Bleugh, cannot stand Lang's Goldberg. If I had to choose outside of Glenn, he'd be the last. Perahia is a better choice, and as a kid I didn't mind Belder's. Least for harpsichord performances of it. Lately I've been very impressed by Rondeau's interpretation, so Belder's is likely up for being outranked.


----------



## Kreisler jr (Apr 21, 2021)

I like Gould (generally and specifically in GBV) but two very good piano recordings are Rosen's (CBS/Sony early 70s or so?) and Ekaterina Dershavina (Derschavina, different spellings, usually absurdly cheap on Arte Nova).


----------



## Rogerx (Apr 27, 2018)

View attachment 161350

Pavel Kolesnikov (piano)\f you want to explore more Captain :tiphat:


----------



## Shea82821 (Nov 19, 2021)

Kreisler jr said:


> I like Gould (generally and specifically in GBV) but two very good piano recordings are Rosen's (CBS/Sony early 70s or so?) and Ekaterina Dershavina (Derschavina, different spellings, usually absurdly cheap on Arte Nova).
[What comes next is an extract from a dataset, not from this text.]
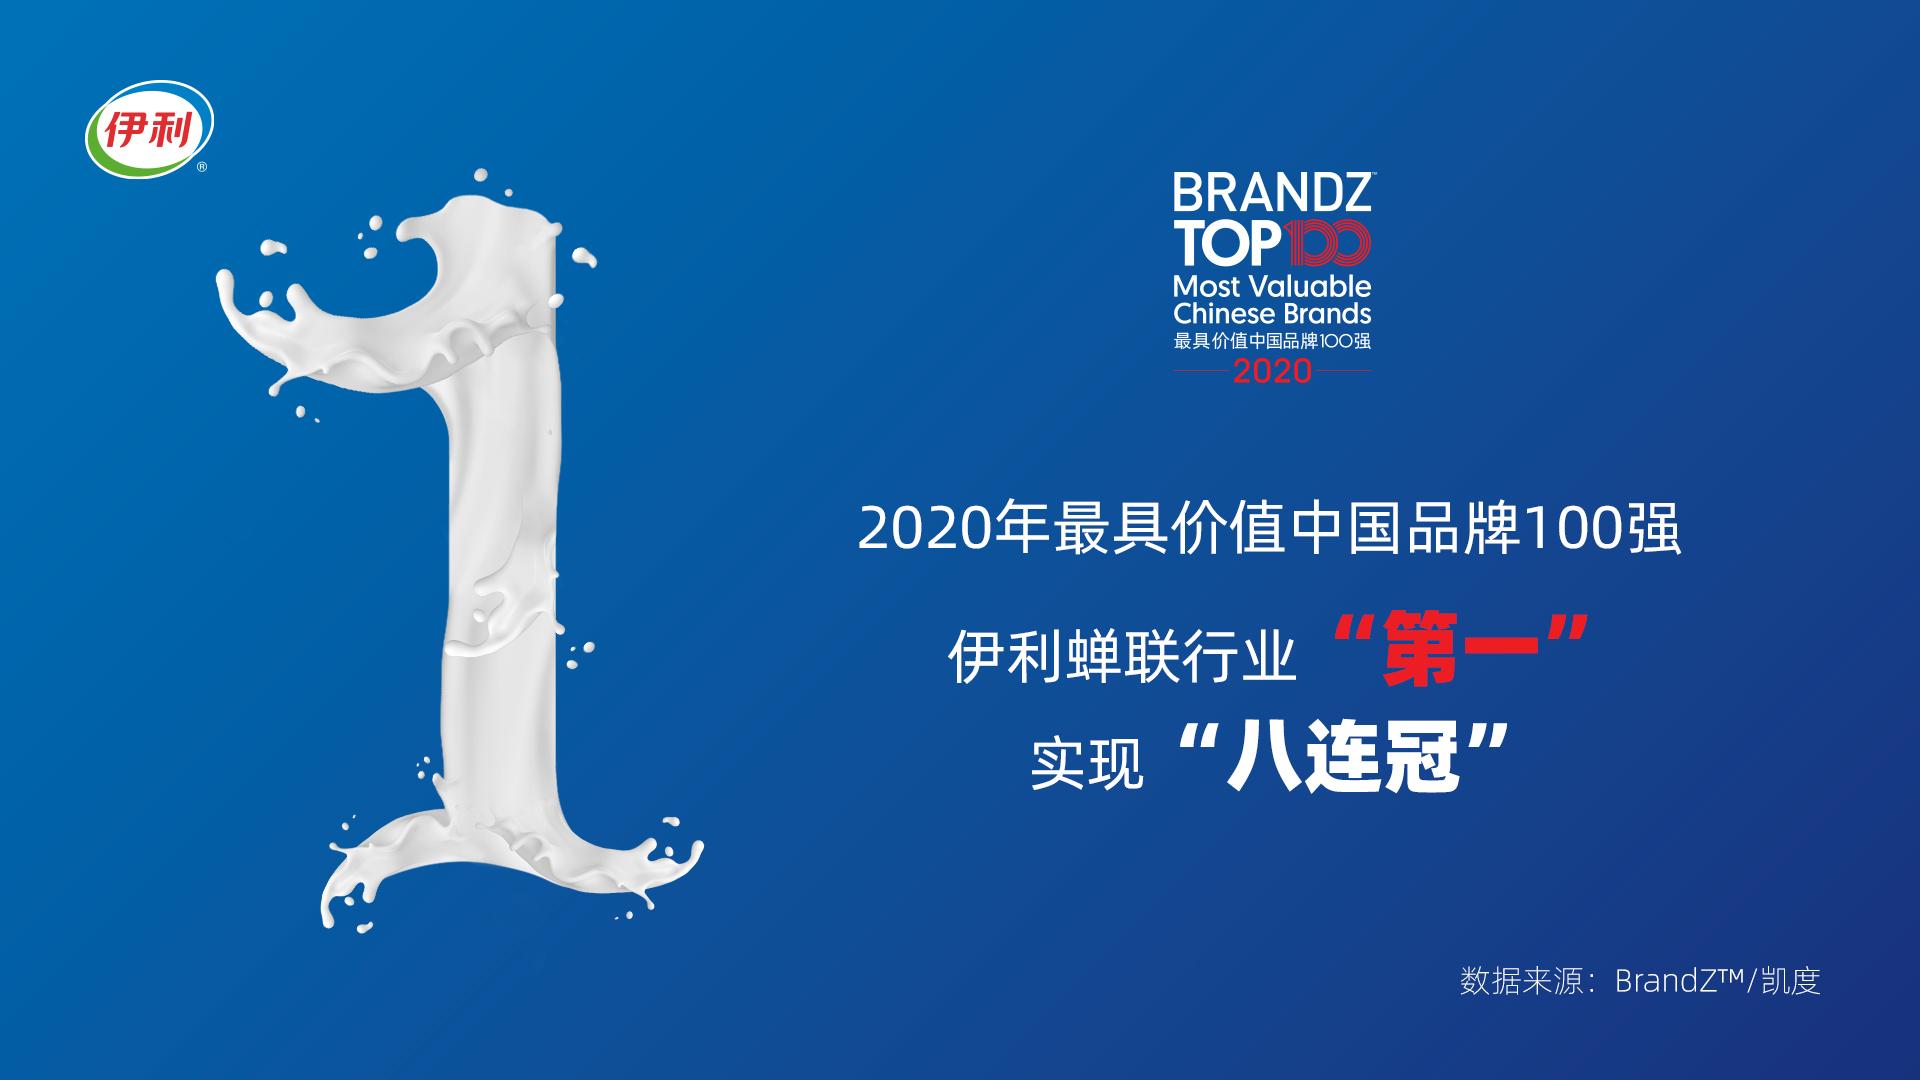 "BrandZ发布""2020年最具价值中国品牌100强"" 伊利连续8年蝉联行业第一_fororder_111"

Rosen's I remember being pretty good. I actually forgot he did it until you mentioned it 

Never heard of Dershavina's though, ought to check it out.


----------



## Kreisler jr (Apr 21, 2021)

Maybe the Dershavina is not cheap anymore, but there are several issues and covers:

Asin: ‎ B000005I8B or B00014AUWS


----------